For this reason, training data on the order of the square of the dimensionality of the truly desired features is required.

Iterative learning is necessary to ensure that the neural network's parameters are learned appropriately without falling into local minima, which requires keeping the parameter change small with each feedback.

Pre-processing of training data, such as normalization and edge extraction, is needed to highlight the truly desired features. This pre-processing also demands significant effort.

For example, if the division of duties between the Administrative Affairs Department and the General Affairs Department were to be learned using a traditional neural network, and its features were 50-dimensional, at least approximately 1,000 or more training data instances would be required. In addition, these 1,000+ data instances might need to be iteratively learned about 100 times to achieve appropriate learning accuracy.

Furthermore, if this set of 1,000 training data instances contains extraneous words, variations in spelling, or a variety of word orders and sentence structures, learning efficiency decreases, and unrelated features may be learned.

Therefore, pre-processing to remove extraneous words, standardize terminology to eliminate variations, and unify word order and syntax is indispensable.

In contrast, natural language machine learning requires less training data, no iteration with the same training data, and often no pre-processing.

If the features for the division of duties between the Administrative Affairs Department and the General Affairs Department are 50-dimensional, 50 pieces of information corresponding to each dimension are sufficient.

Moreover, this does not mean that 50 separate sentences are required.

A single sentence like "Duties related to A, B, C, and D are handled by the Administrative Affairs Department" can encompass four dimensions of information.

Furthermore, by abstracting language, information from multiple dimensions can be aggregated. A sentence such as "Maintenance of building consumables and facilities is the responsibility of the Administrative Affairs Department" aggregates a wide range of dimensional information, including light bulb replacement and automatic door malfunctions.

This abstraction can be said to reduce the training data by leveraging the LLM's pre-trained knowledge and reasoning capabilities.

And, fundamentally, natural language learning does not require iterative learning. Once the aforementioned sentence is added to the knowledge base, learning is complete.

Additionally, pre-processing of knowledge is unnecessary. Even if explanations of the Administrative Affairs Department or General Affairs Department are mixed within various texts, they can still be utilized as knowledge.

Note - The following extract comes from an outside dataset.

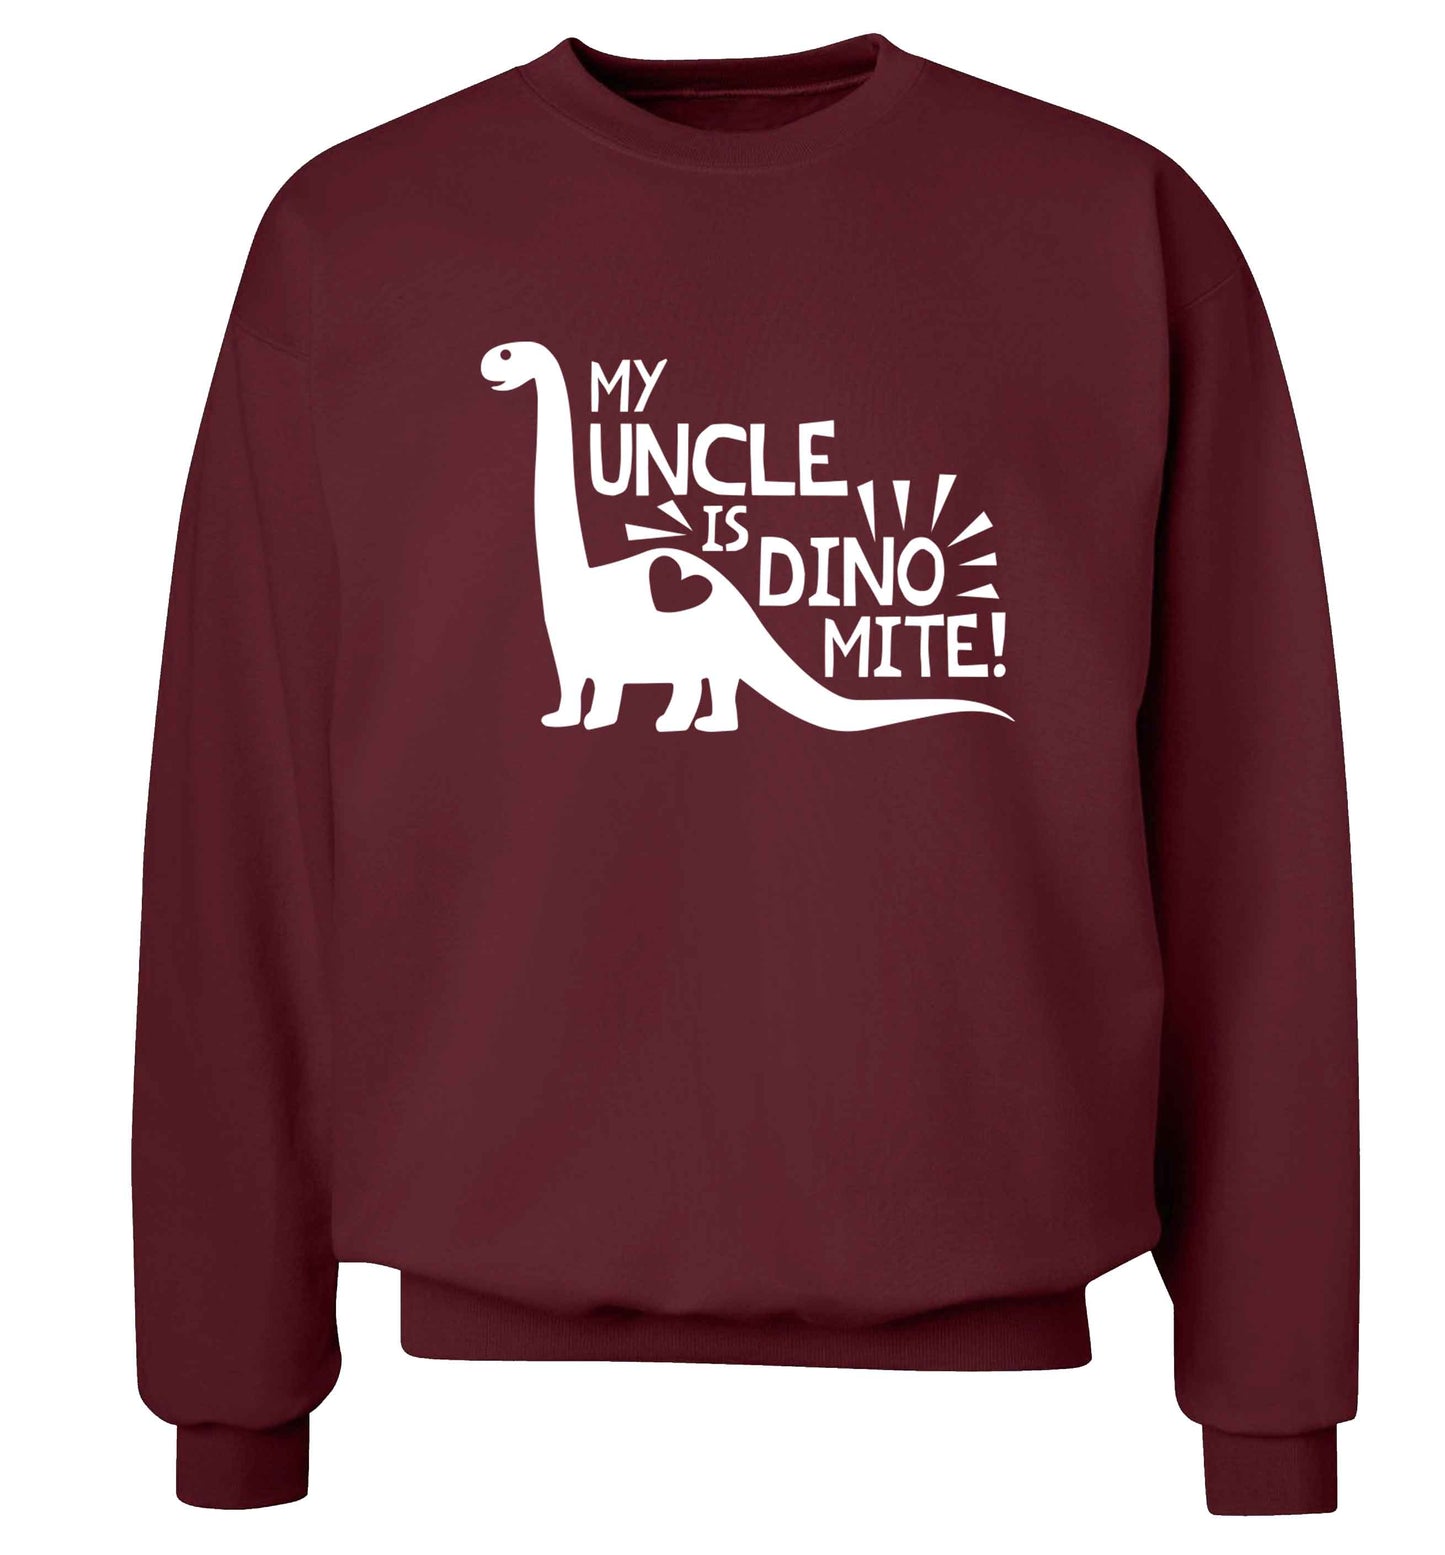 My uncle is dinomite! Adult's unisex maroon Sweater 2XL
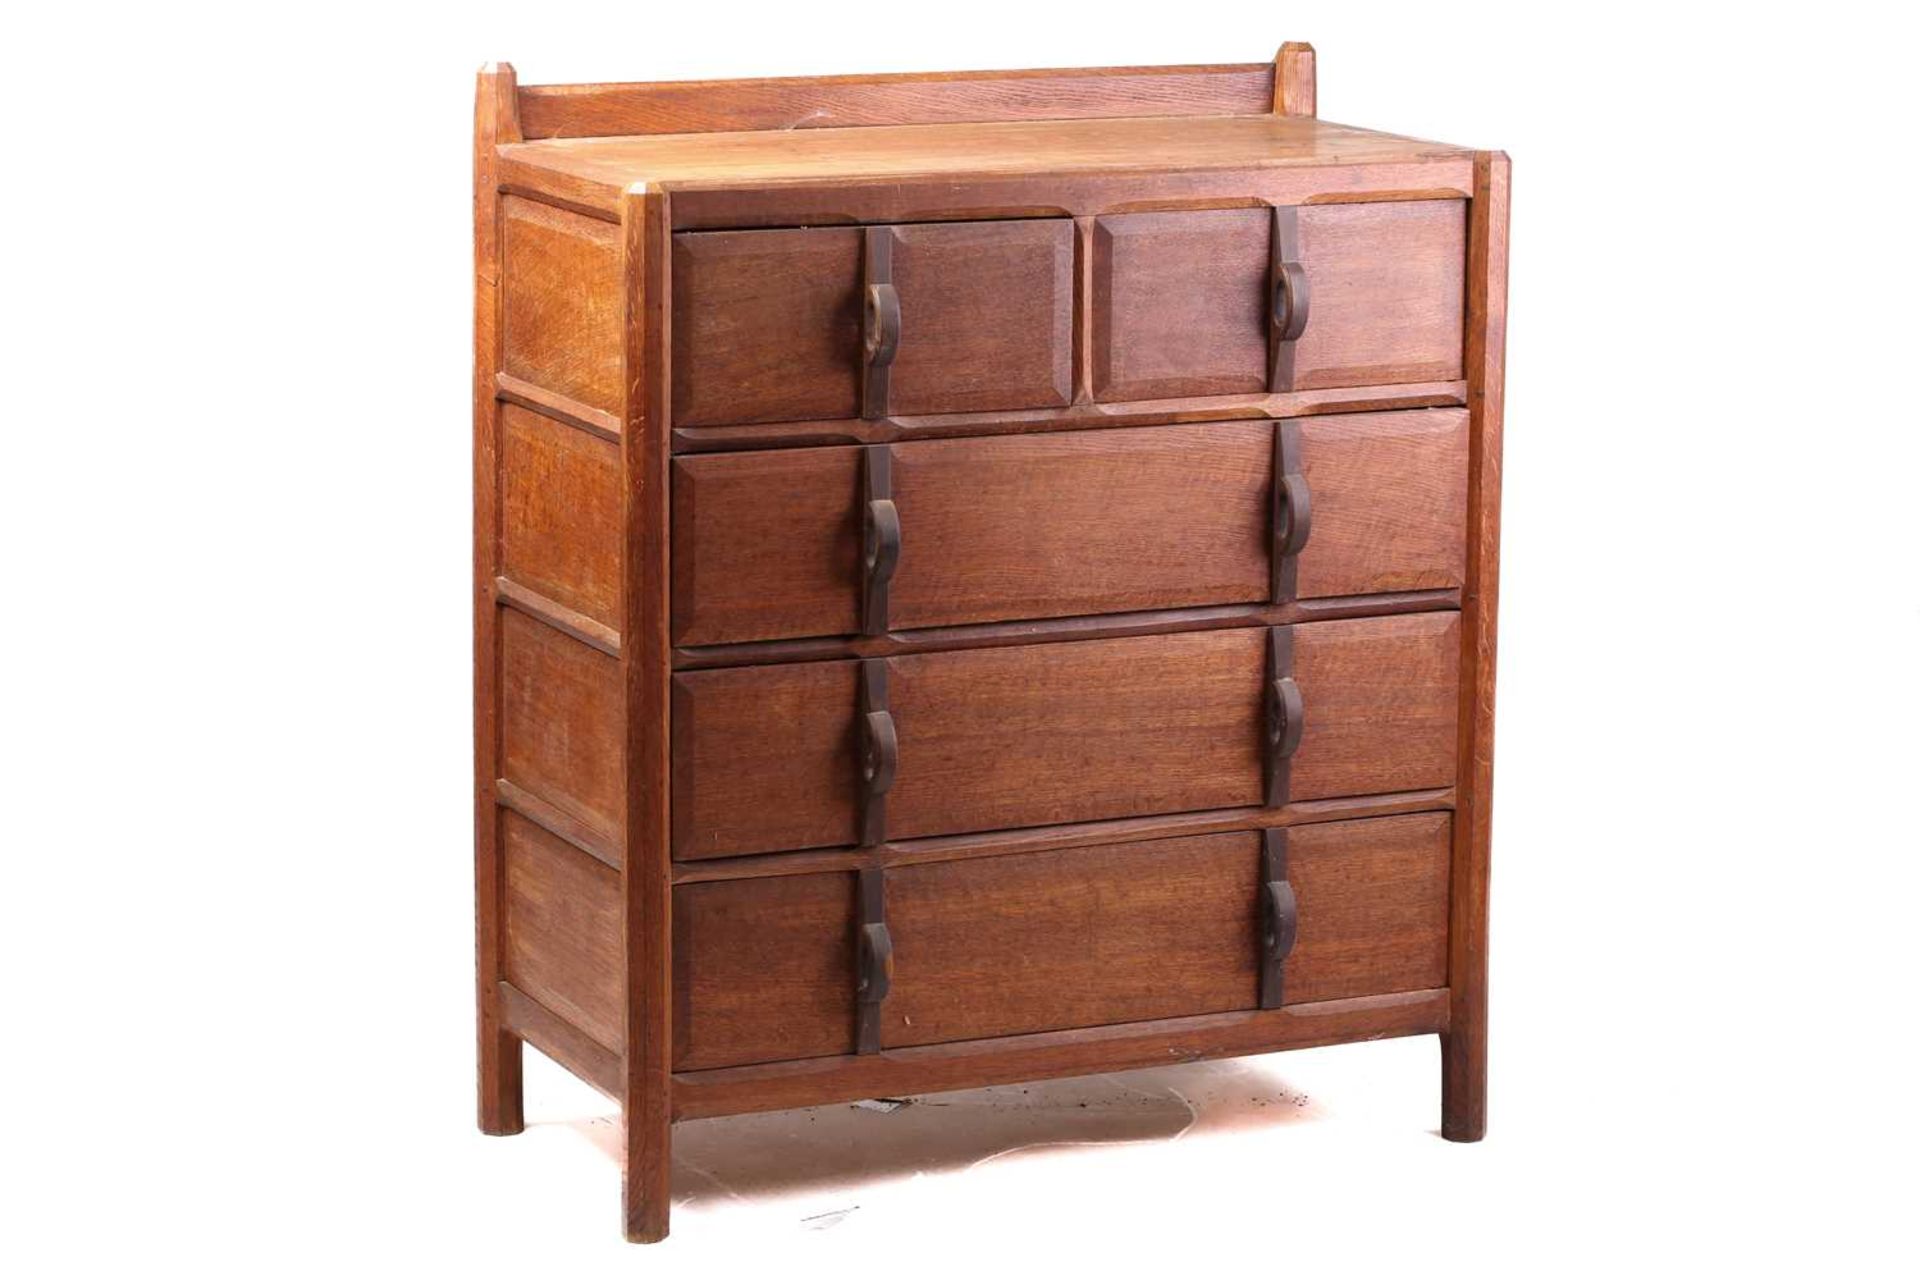 A Gordon Russell bedroom suite in English brown oak, c.1925, comprising: a dressing table with - Image 10 of 26

Or, as in the previous example, raw data such as inquiry and assignment records can be immediately used as training data without pre-processing.

Thus, natural language machine learning can learn far more efficiently than numerical machine learning.

Conclusion

Compared to the high-speed numerical computation capabilities of computers, the natural language processing ability of large language models is quite slow.

However, natural language machine learning allows for efficient learning, far exceeding the gap between high-speed numerical computation and slow natural language processing.

Furthermore, large language models, which have made astonishing progress through numerical learning, seem to be approaching the limits of performance improvement through simple scaling up, according to scaling laws.

In such a scenario, it is highly plausible that the focus will shift towards enhancing capabilities through natural language machine learning.